使用带分隔符的 AWK 打印特定列

Question

我的文件如下所示：

+------------------------------------------+---------------+----------------+------------------+------------------+-----------------+
| Message                                  | Status        | Adress         | Changes          | Test             | Calibration     |
|------------------------------------------+---------------+----------------+------------------+------------------+-----------------|
| Hello World                              | Active        | up             |                1 |               up |            done |
| Hello Everyone Here                      | Passive       | up             |                2 |             down |            none |
| Hi there. My name is Eric. How are you?  | Down          | up             |                3 |         inactive |            done |
+------------------------------------------+---------------+----------------+------------------+------------------+-----------------+
+----------------------------+---------------+----------------+------------------+------------------+-----------------+
| Message                    | Status        | Adress         | Changes          | Test             | Calibration     |
|----------------------------+---------------+----------------+------------------+------------------+-----------------|
| What's up?                 | Active        | up             |                1 |               up |            done |
| Hi. I'm Otilia             | Passive       | up             |                2 |             down |            none |
| Hi there.

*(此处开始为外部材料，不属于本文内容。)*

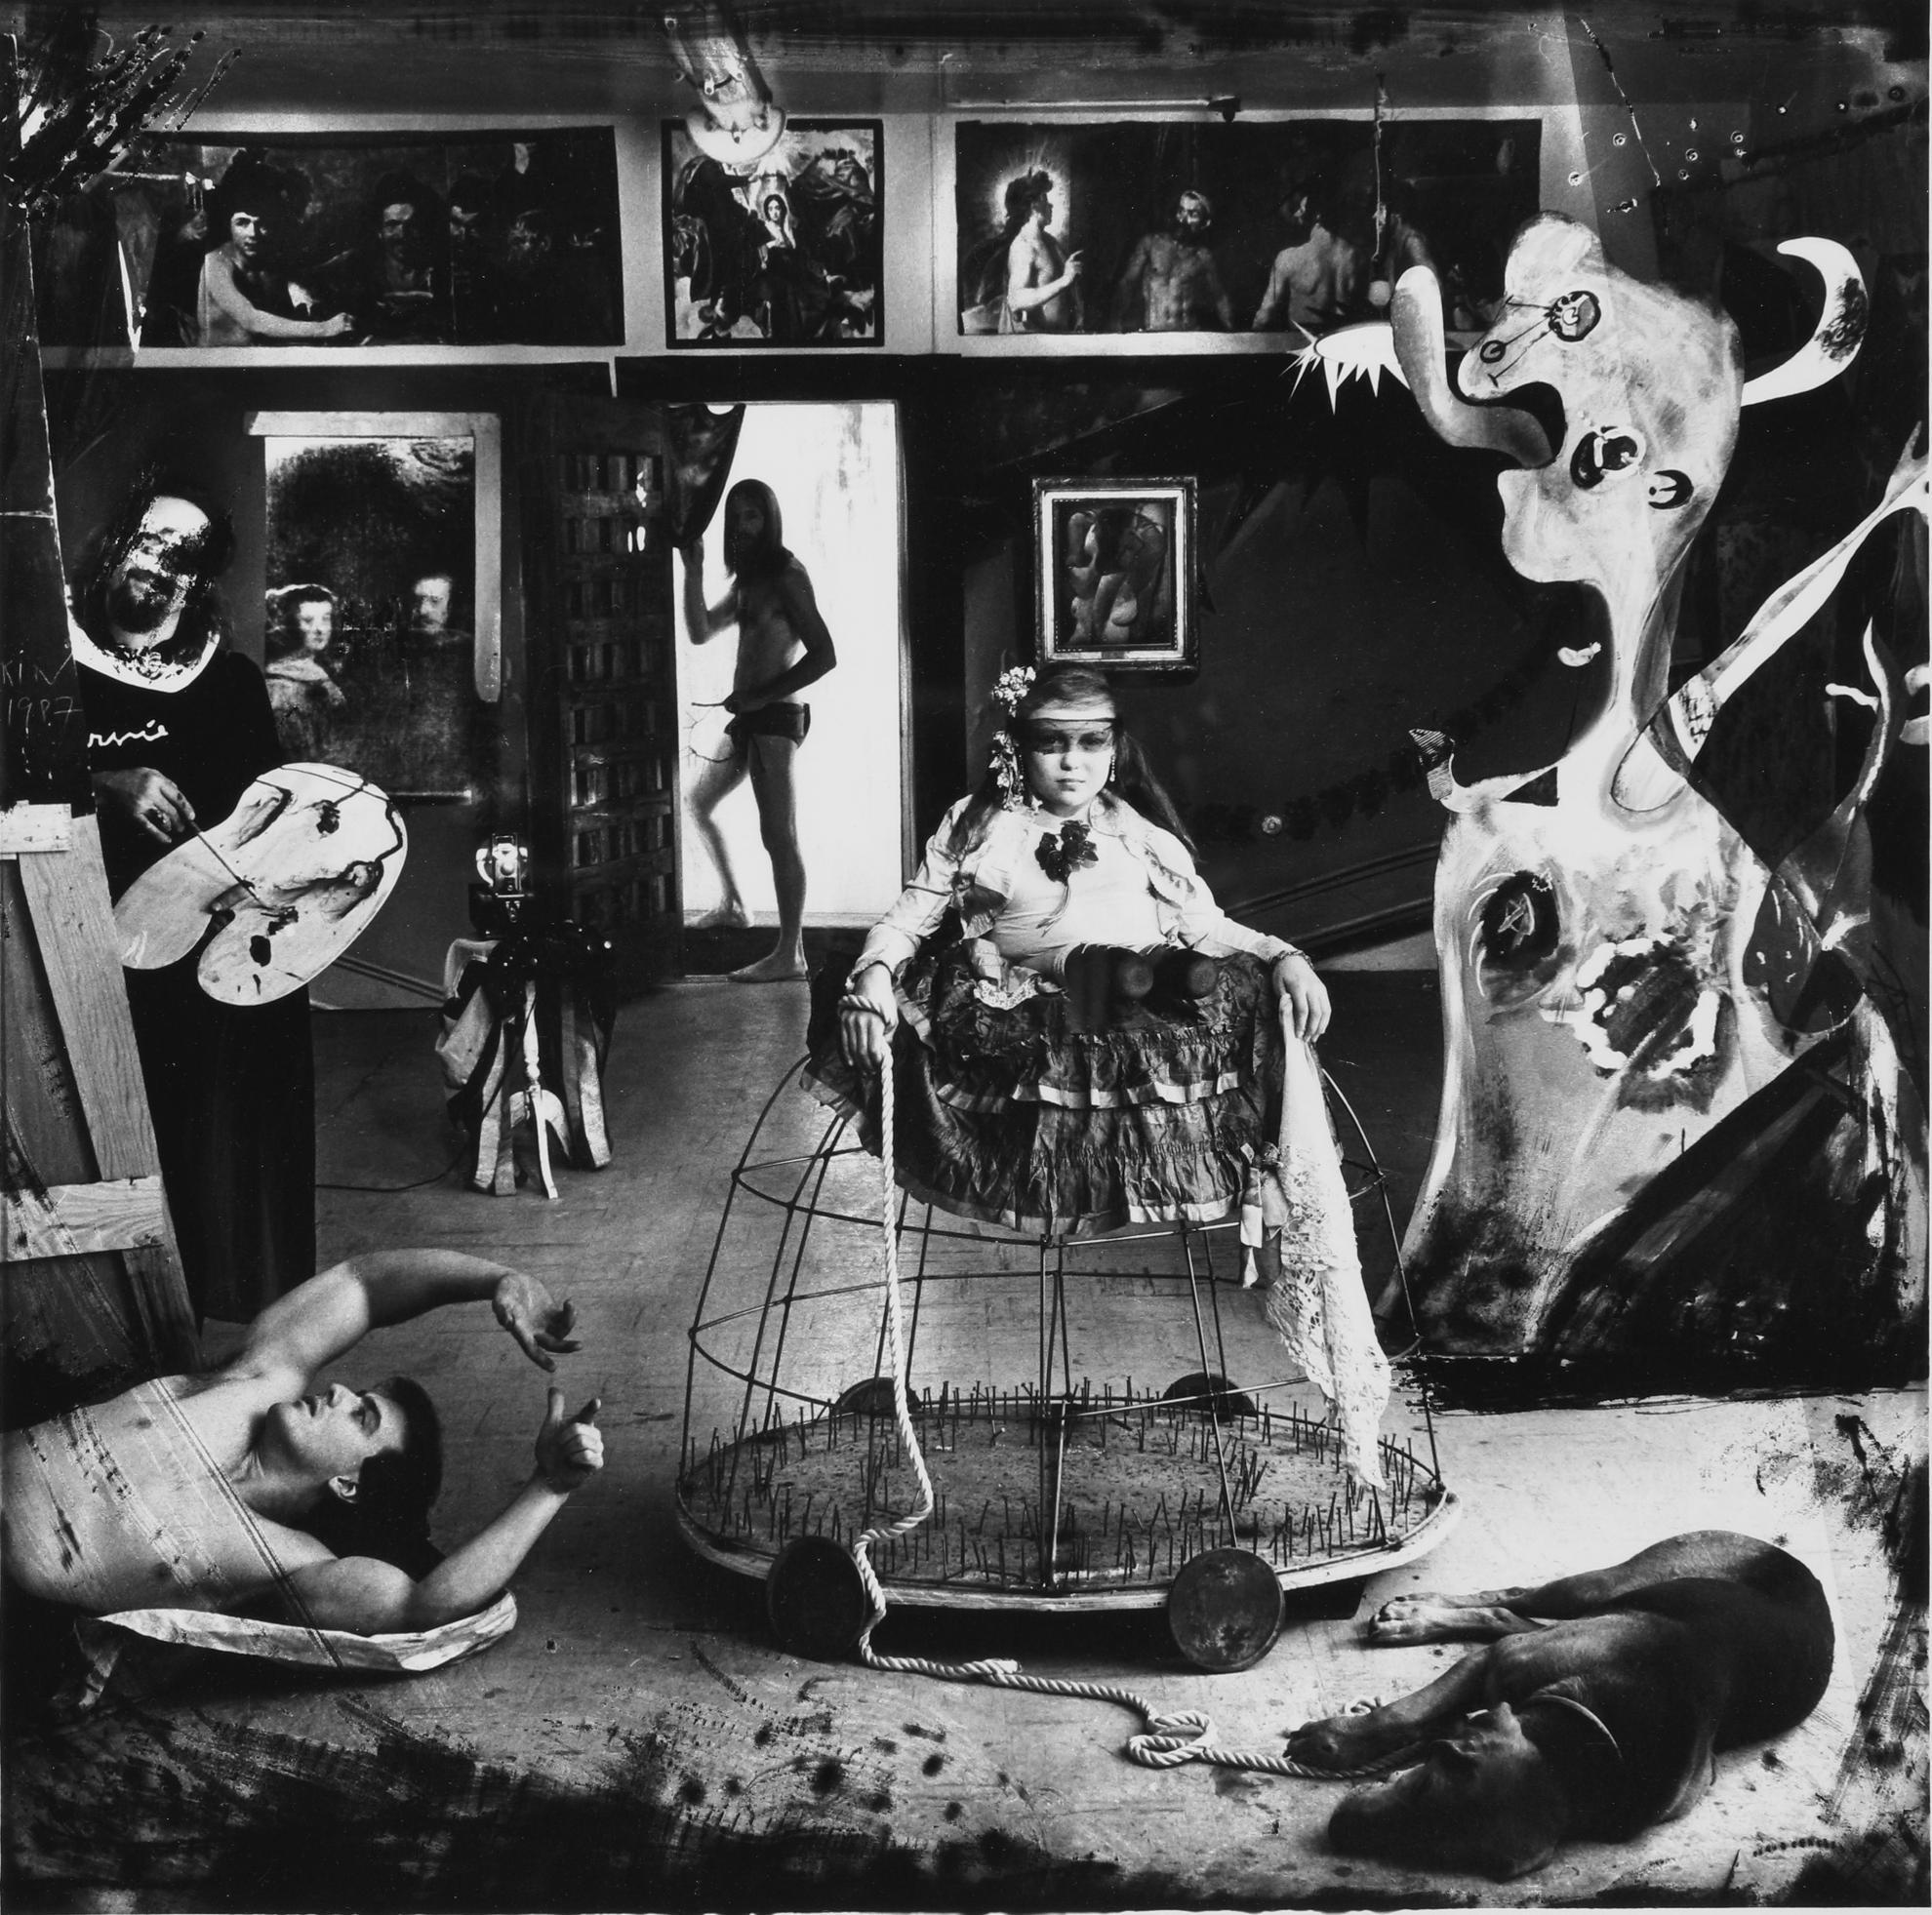 Joel-Peter Witkin-Las Meninas-1987

This is Marcus   | Up            | up             |                3 |         inactive |            done |
+----------------------------+---------------+----------------+------------------+------------------+-----------------+

我想使用 AWK 提取特定列。我可以使用 CUT 来完成； 但是，当每个表的长度根据每列中存在的字符数而变化时，我没有得到所需的 output。

cat File.txt | cut -c -44
+------------------------------------------+
| Message                                  |
|------------------------------------------+
| Hello World                              |
| Hello Everyone Here                      |
| Hi there. My name is Eric. How are you?  |
+------------------------------------------+
+----------------------------+--------------
| Message                    | Status
|----------------------------+--------------
| What's up?                 | Active
| Hi. I'm Otilia             | Passive
| Hi there. This is Marcus   | Up
+----------------------------+--------------

或者

cat File.txt | cut -c 44-60
+---------------+
| Status        |
+---------------+
| Active        |
| Passive       |
| Down          |
+---------------+
--+--------------
  | Adress
--+--------------
  | up
  | up
  | up
--+--------------

我尝试使用 AWK 但我不知道如何添加 2 个不同的分隔符来处理所有行。

cat File.txt | awk 'BEGIN {FS="|";}{print $2,$3}'

 Message                                    Status
------------------------------------------+---------------+----------------+------------------+------------------+-----------------
 Hello World                                Active
 Hello Everyone Here                        Passive
 Hi there. My name is Eric. How are you?    Down


 Message                      Status
----------------------------+---------------+----------------+------------------+------------------+-----------------
 What's up?                   Active
 Hi. I'm Otilia               Passive
 Hi there. This is Marcus     Up

我要找的output：

+------------------------------------------+
| Message                                  |
|------------------------------------------+
| Hello World                              |
| Hello Everyone Here                      |
| Hi there. My name is Eric. How are you?  |
+------------------------------------------+
+----------------------------+
| Message                    |
|----------------------------+
| What's up?                 | 
| Hi. I'm Otilia             | 
| Hi there. This is Marcus   | 
+----------------------------+

或者

+------------------------------------------+---------------+
| Message                                  | Status        |
|------------------------------------------+---------------+
| Hello World                              | Active        |
| Hello Everyone Here                      | Passive       |
| Hi there. My name is Eric. How are you?  | Down          |
+------------------------------------------+---------------+
+----------------------------+---------------+
| Message                    | Status        | 
|----------------------------+---------------+
| What's up?                 | Active        | 
| Hi. I'm Otilia             | Passive       | 
| Hi there. This is Marcus   | Up            | 
+----------------------------+---------------+

或随机其他列

+------------------------------------------+----------------+------------------+
| Message                                  | Adress         | Test             |
|------------------------------------------+----------------+------------------+
| Hello World                              | up             |               up |
| Hello Everyone Here                      | up             |             down |
| Hi there. My name is Eric. How are you?  | up             |         inactive |
+------------------------------------------+----------------+------------------+
+----------------------------+---------------+------------------+
| Message                    |Adress         | Test             |
|----------------------------+---------------+------------------+
| What's up?                 |up             |               up |
| Hi. I'm Otilia             |up             |             down |
| Hi there. This is Marcus   |up             |         inactive |
+----------------------------+---------------+------------------+

提前致谢。

Answer 1

使用GNU awk一个想法：

awk -v fldlist="2,3" '
BEGIN { fldcnt=split(fldlist,fields,",") }                      # split fldlist into array fields[]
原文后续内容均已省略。